At present, the insolvency and restructuring legislative framework for Singapore corporates is provided within the Companies Act. However, personal insolvency matters are dealt with in accordance with Bankruptcy Act.
The IRDA act passed in the parliament on 1st October 2018 and was planned to come into action in the year 2020. This new regulation is intended to work as omnibus legislation that consolidates the personal and corporate insolvency as well as restructuring laws of Singapore into one enactment. Many new provisions and procedures are also added to the list for ease of turnaround and restructuring advisory.
Generally, the liquidation of an insolvent company in the country can be affected by compulsory liquidation or voluntary liquidation initiated by creditors.
The creditors’ voluntary liquidation is generally initiated through company itself while passing a special resolution regarding voluntary liquidation. The company can nominate a person to work as a liquidator. In case of the nomination is rejected by the creditors, they can also choose a liquidator to proceed ahead with formalities. In order to convert creditors’ voluntary liquidation into compulsory liquidation, the application must be sectioned by the Singapore court. On the other side, for compulsory liquidation, the directors or members need to submit an application to the court to lead the winding-up procedure.
In case of restructuring, the creditors or directors of the company can submit an application to Singapore High Court with a request to keep the company under judicial management. The scheme of arrangement can be proposed by the management of the company while responding to the formal insolvency proceedings with reference to the company. However, the shareholders, creditors, and liquidators of the company can submit an application in the Singapore High Court. The court may further order the summoning of creditors and members meeting to consider the scheme of arrangement.

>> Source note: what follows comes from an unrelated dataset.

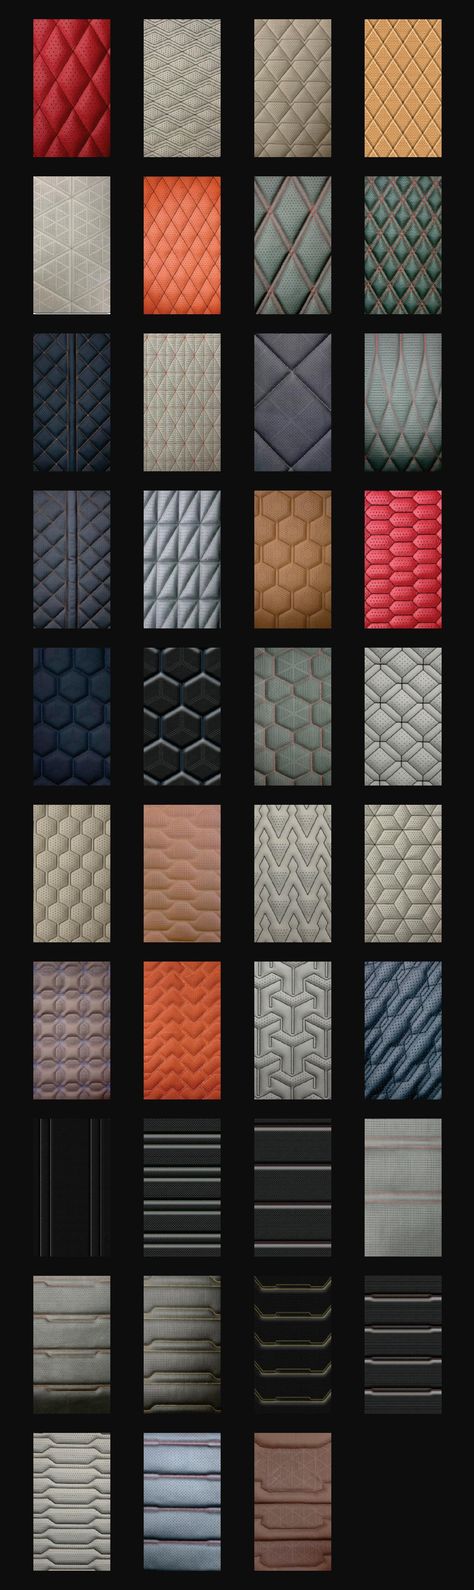 LEATHER UPGRADES — BLACKMANS LEATHER GEELONG Leather Print Pattern, Leather Architecture, Leather Panelling, Leather Interior Design, Leather Wall Panels, Types Of Vehicles, Car Interior Upholstery, Materials Board Interior Design, Automotive Upholstery

Should you need financial advisory restructuring services?
One should go with the restructuring option only when there is a thorough repayment plan. However, experts always recommend hiring a financial advisory restructuring service provider in the country to proceed ahead with the formalities. The experienced service providers are well aware of the legal practices as per regional and international regulations. They can assist clients with desirable outcomes, even in the most complicated circumstances. The professionals can guide business owners regarding all aspects of rescue, restructuring, and insolvency in business. They can handle the legal formalities with adequate procedures to meet the expectations.
The companies and stakeholders in Singapore need to develop a clear understanding of restructuring and insolvency procedures. When they follow adequate strategies, it gets easier to optimize operations while saving more amount. Hiring a team of experts to handle such operations may give you complete peace of mind, especially when you are already involved in financial hardship. When company restructuring procedures are executed well, they can help you refocus on competitive advantages and growth perspectives. The turnaround and restructuring advisory and the legal experts can help you to complete the process easily.